Posted by Tianyi Liu 2 years, 4 months ago

Hi there,

This series of patches enables callchains for guests (used by perf kvm),
which holds the top spot on the perf wiki TODO list [1]. This allows users
to perform guest OS callchain or performance analysis from external
using PMU events.

The event processing flow is as follows (shown as backtrace):
  #0 kvm_arch_vcpu_get_frame_pointer / kvm_arch_vcpu_read_virt (per arch)
  #1 kvm_guest_get_frame_pointer / kvm_guest_read_virt
     <callback function pointers in `struct perf_guest_info_callbacks`>
  #2 perf_guest_get_frame_pointer / perf_guest_read_virt
  #3 perf_callchain_guest
  #4 get_perf_callchain
  #5 perf_callchain

Between #0 and #1 is the interface between KVM and the arch-specific
impl, while between #1 and #2 is the interface between Perf and KVM.
The 1st patch implements #0. The 2nd patch extends interfaces between #1
and #2, while the 3rd patch implements #1. The 4th patch implements #3
and modifies #4 #5. The last patch is for userspace utils.

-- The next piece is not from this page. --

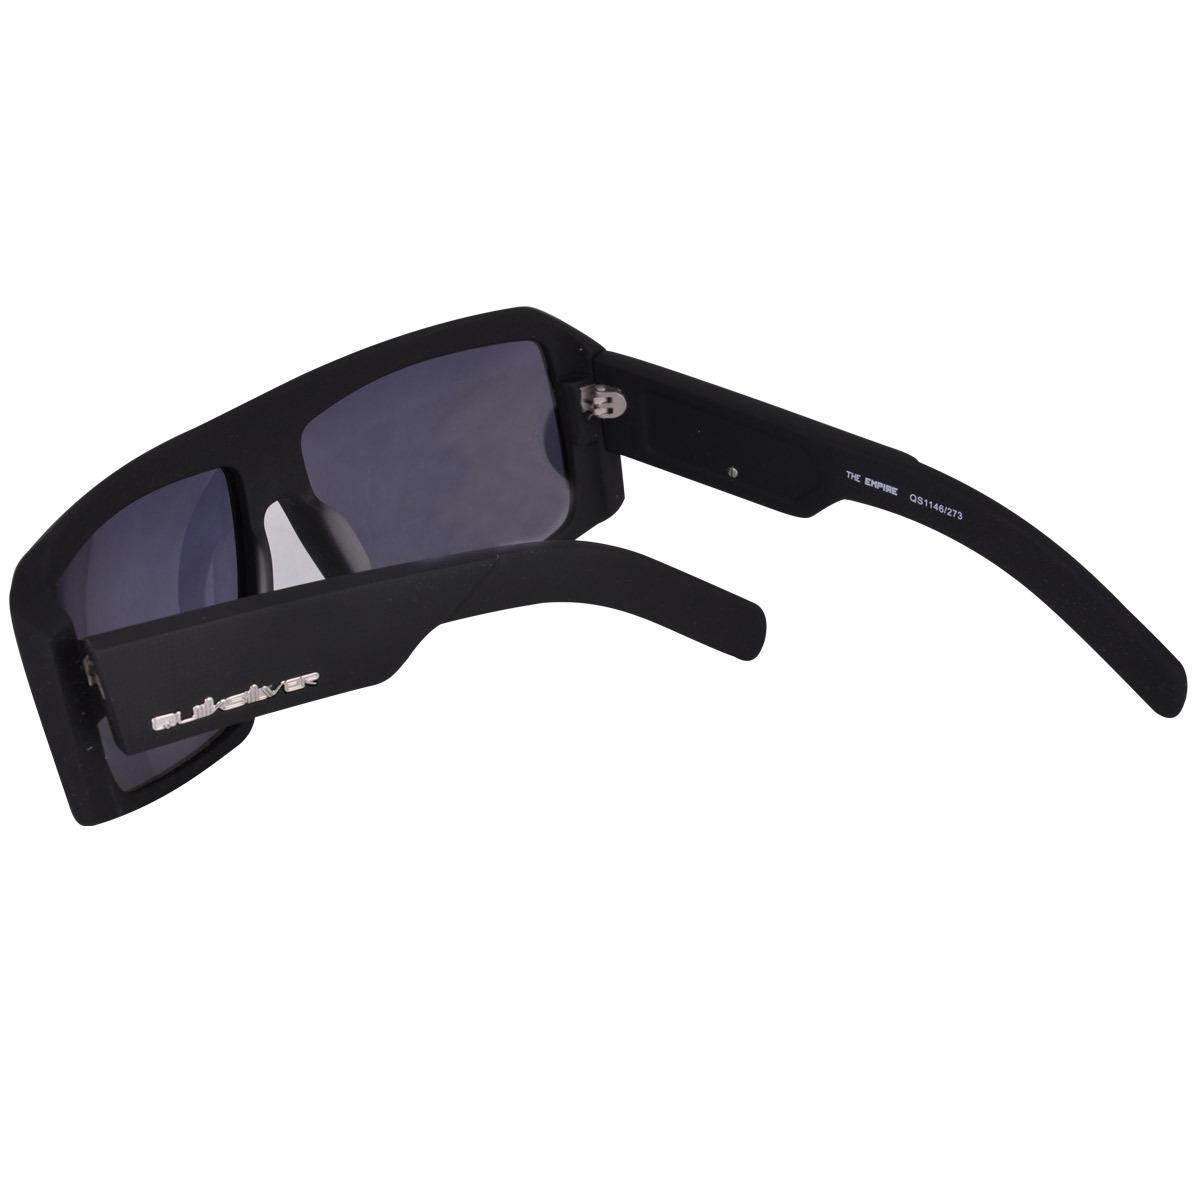 1840e462bc60e Óculos Quiksilver The Empire Ii Preto - Cut Wave - R  119,90 em ...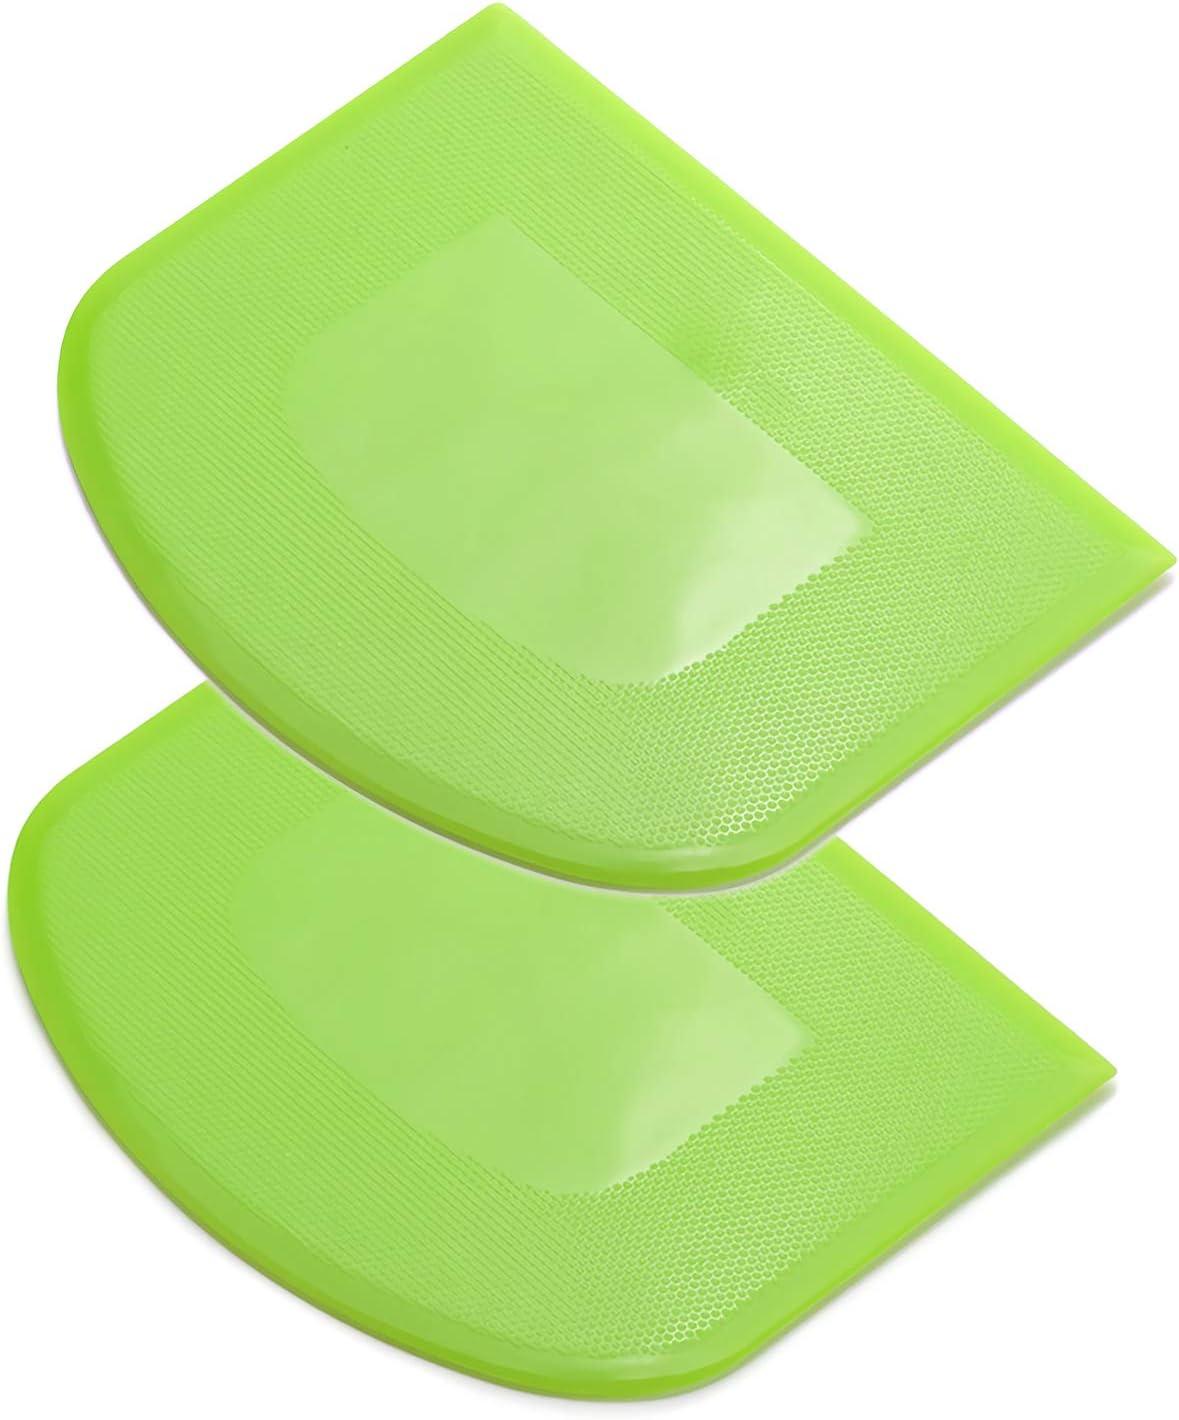 Elastic plastic scraper practical bench scraper multifunctional food scraper

Since arm64 hasn't provided some foundational infrastructure (interface
for reading from a virtual address of guest), the arm64 implementation
is stubbed for now because it's a bit complex, and will be implemented
later.

Tested with both 32-bit and 64-bit guest operating systems / unikernels,
that `perf script` could correctly show the certain callchains.
FlameGraphs can also be generated with this series of patches and [2].

Any feedback will be greatly appreciated.

[1] https://perf.wiki.kernel.org/index.php/Todo
[2] https://github.com/brendangregg/FlameGraph

v1:
https://lore.kernel.org/kvm/SYYP282MB108686A73C0F896D90D246569DE5A@SYYP282MB1086.AUSP282.PROD.OUTLOOK.COM/

Changes since v1:
- v1 only includes partial KVM modifications, while v2 is a complete
implementation. Also updated based on Sean's feedback.

Tianyi Liu (5):
  KVM: Add arch specific interfaces for sampling guest callchains
  perf kvm: Introduce guest interfaces for sampling callchains
  KVM: implement new perf interfaces
  perf kvm: Support sampling guest callchains
  perf tools: Support PERF_CONTEXT_GUEST_* flags

 arch/arm64/kvm/arm.c                | 17 +++++++++
 arch/x86/events/core.c              | 56 +++++++++++++++++++++++------
 arch/x86/kvm/x86.c                  | 18 ++++++++++
 include/linux/kvm_host.h            |  4 +++
 include/linux/perf_event.h          | 18 +++++++++-
 kernel/bpf/stackmap.c               |  8 ++---
 kernel/events/callchain.c           | 27 +++++++++++++-
 kernel/events/core.c                | 17 ++++++++-
 tools/perf/builtin-timechart.c      |  6 ++++
 tools/perf/util/data-convert-json.c |  6 ++++
 tools/perf/util/machine.c           |  6 ++++
 virt/kvm/kvm_main.c                 | 25 +++++++++++++
 12 files changed, 191 insertions(+), 17 deletions(-)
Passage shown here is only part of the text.